Examples of successful GEF support include the Strategic Partnership for a Sustainable Fisheries Investment Fund in Sub-Saharan Africa, established in order to reverse unsustainable fisheries in the LMEs, and the Partnerships in Environmental Management for the Seas of East Asia (PEMSEA), a successful regional coordinating mechanism for the implementation of the Sustainable Development Strategy for the Seas of East Asia. 

 

Fishing boats on East Sea. Photo: © Lucas Jans / Flickr

 

GEF’s focus on catalyzing multi-state cooperation means that the multiple stressors on coastal and marine eco-systems are addressed collectively, with countries acting together so that communities benefit from on-the ground results in improved livelihoods and access to safe water sources. Where capacity is built and collective action programs agreed, GEF supports implementation of Strategic Action Programs with reforms and investments that focus on results.
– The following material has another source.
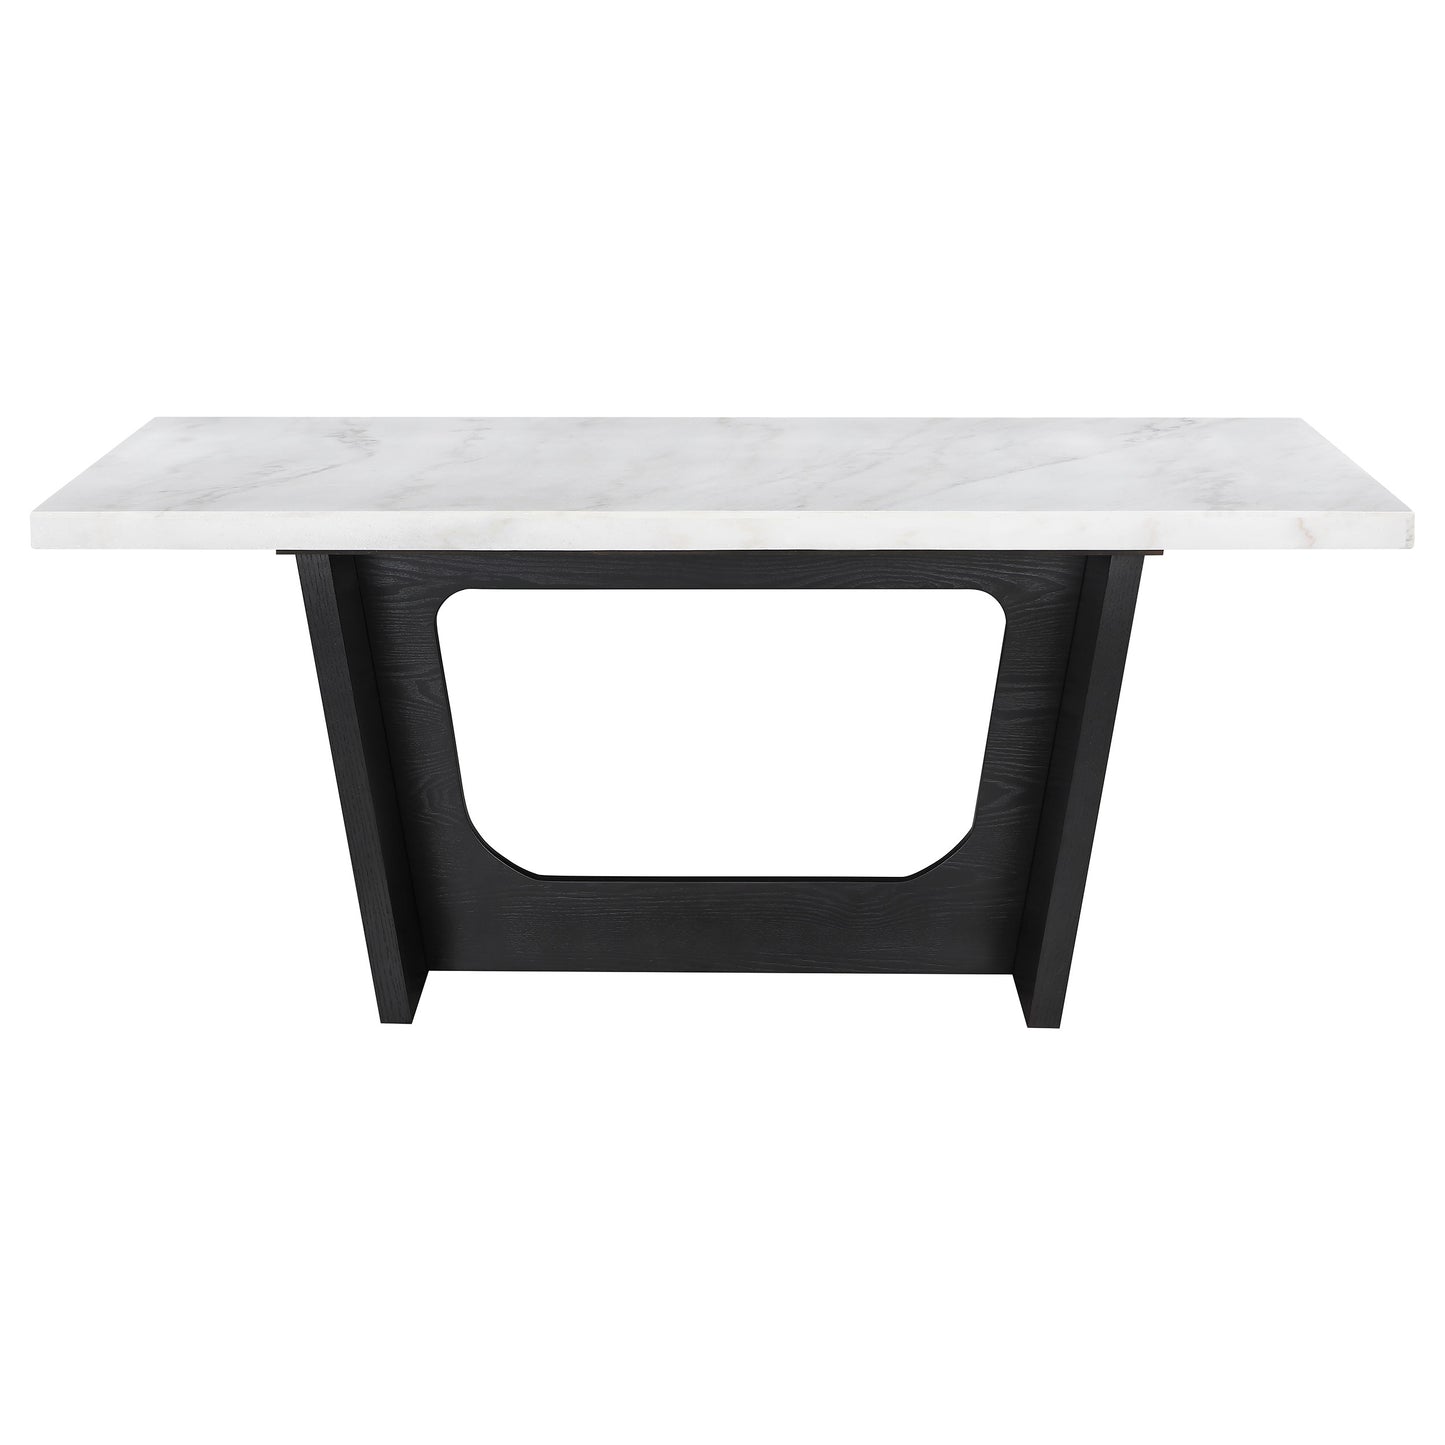 Sherry Trestle Base Marble Top Dining Table Espresso and White

The Benguela Current LME, another important GEF investment, has been threatened by destructive fishing gear, pollution, and habitat loss for decades. Not only have these trends harmed the marine environments, they also represented a threat to the food security of millions of people whose lives depend directly on fishing. For this reason, the GEF provided support to Angola, Namibia, and South Africa in their efforts to create the new, ecosystem-based, Benguela Current Commission – the first Large Marine Ecosystem commission in the world.

 

The GEF supports awareness raising activities about the myriad of challenges faced by the world’s oceans. An example of this work is the Oceans film directed by Jacques Perrin and Jacques Cluzaud, featuring an exceptional look beneath the sea surface while both captivating and educating its audience.

While substantial results have been achieved over the years, the GEF recognizes the magnitude of the challenges ahead and insists that sustainable ocean management could become an enduring legacy of today’s generation of decision-makers if efforts are scaled up.